Proteins function in different cellular or subcellular compartments as part of complex systems. In systems biology, investigating and modeling these complex systems from different aspects and at various levels is hoped to lead to a mechanistic understanding of cell behavior [1
]. Extensive efforts have been made towards proteome-scale determination of protein sequence, structure, abundance and interactions and tremendous progress has been achieved. Much less information is available about protein location within cells, with descriptions using words (such as GO terms) being the main approach used to represent this important concept. More detailed and comprehensive approaches to learning and describing the spatial distributions of proteins at different levels of accuracy will be critical for systems models.
Development of modern microscopy technology makes observation of protein localization possible both in vitro and in vivo with high throughput. However, traditional visual analysis to recognize protein localizations can be a key barrier for converting large sets of images to useful descriptions of protein locations.
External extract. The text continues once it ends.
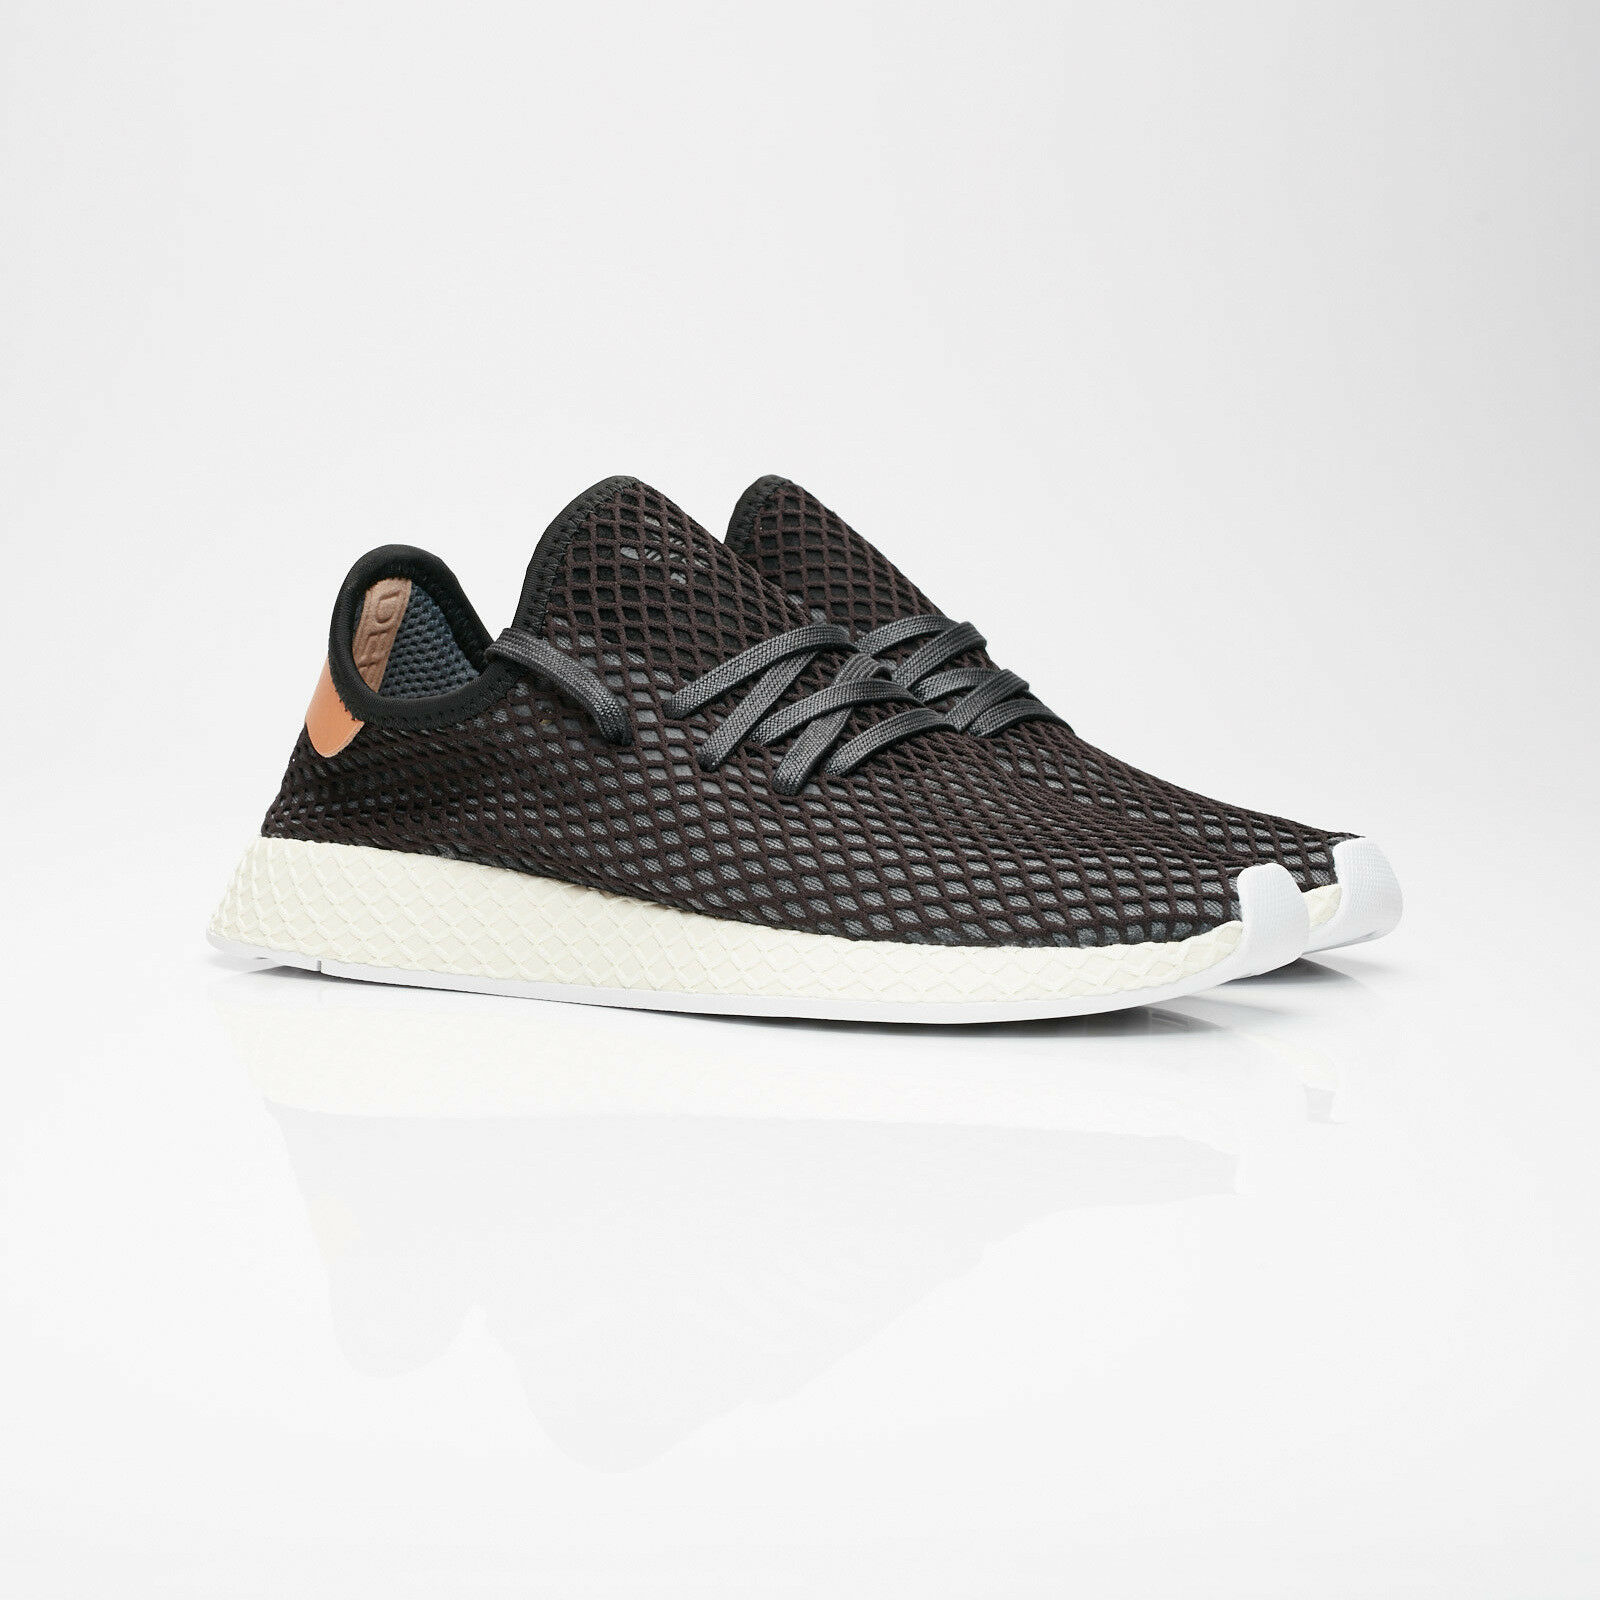 Adidas originals deerupt lifestyle läufer schwarz ashpea männer lifestyle deerupt sneaker fitnessstudio b41758 2d1826
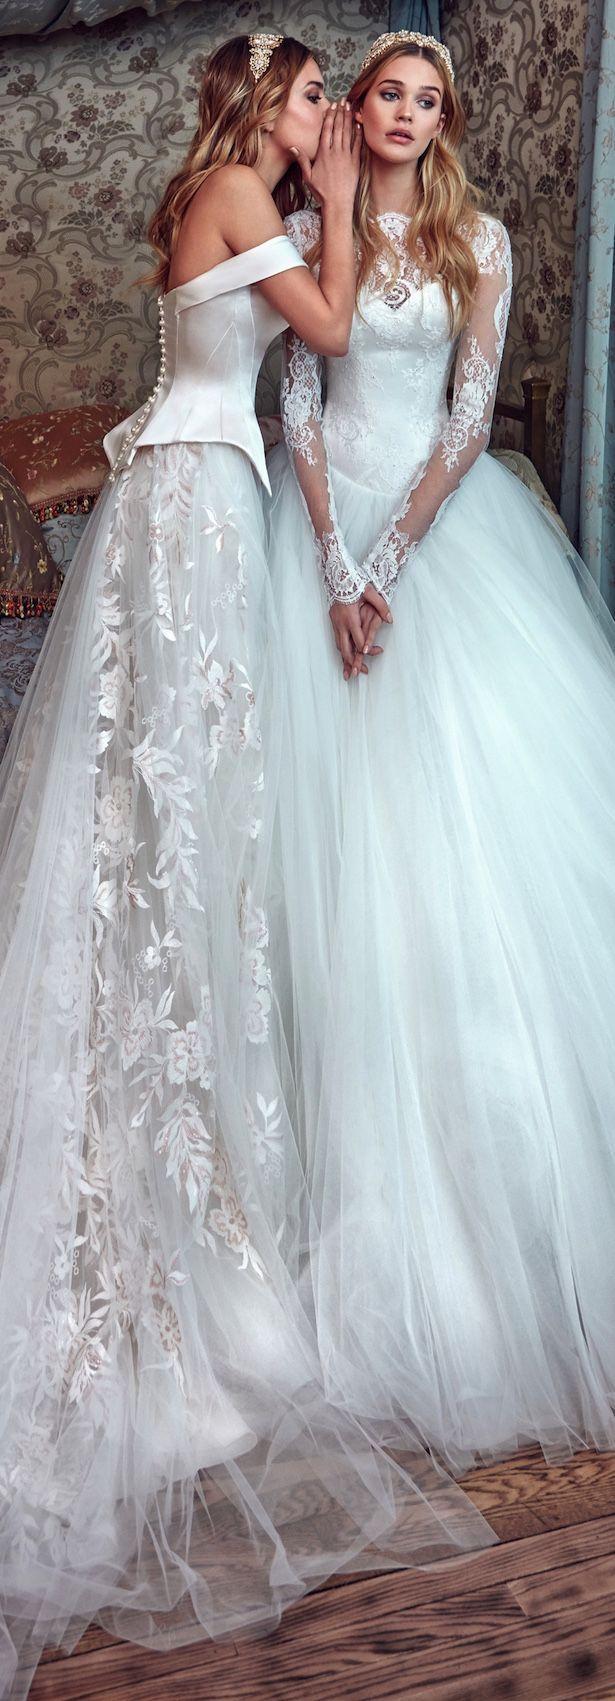 Galia Lahav Spring 2017 Collection - Le Secret Royal

To overcome this difficulty, machine learning methods and digital image processing tools have been combined to develop systems that automatically recognize protein subcellular location patterns [3
]. Here “pattern” designates the subcellular distribution of a protein, or of a set of proteins whose distributions are statistically indistinguishable. The most critical component of these systems is sets of numerical features to describe protein subcellular location patterns in 2D or 3D images. With these features, the feasibility is capable of classifying major protein subcellular location patterns with high accuracy and efficiency compared to visual analysis has been demonstrated [4
However, recognition of location patterns provides only limited information. For example, describing a protein location as “nucleus” in a given cell type under a given condition provides no detail on how it is distributed within the nucleus (and of course no information on the size or shape of nuclei in that cell type). Similarly, recognition based approaches can describe a protein’s “relocation from organelle A to B“ but communicates no information about how this process happens spatially and geometrically. Thus, beyond simply recognizing subcellular location patterns, an important goal is to be able to build models to capture the essence and variation of a specific pattern.
Zhao and Murphy [6
] describe the first system for constructing generative
models of subcellular patterns in 2D images, providing a framework in which cell structure and subcellular location patterns can be represented and communicated. In this work, images are viewed as the manifestation of a set of random variables and image synthesis or generation is viewed as a stepwise random process. A statistical generative model is the combination of all distributions of these random variables. Building a generative model for images in the form of a joint distribution of all pixels in an image is too computationally expensive (and potentially underdetermined) to be practical. Therefore, methods of computational geometry and data analysis were explored in order to compromise between complexity and accuracy of the model. 2D fluorescence images of cells were represented by three major components: nucleus, cell membrane, and protein objects distributed inside these compartments. All three components were represented by small sets of parameters (much fewer than the number of image pixels) from which the key features related to protein locations in the original image can be reconstructed with reasonable accuracy. The three components were modeled conditionally on each other, e.g., the output of the model of organelle position takes as inputs the instances drawn from models of cell and nuclear shape.
While this initial approach is useful for the vast majority of fluorescence microscope images that are acquired in only 2D, they represent a significant simplification of actual cell organization in 3D. Therefore, in this paper we describe extending the generative modeling and simulation framework to 3D.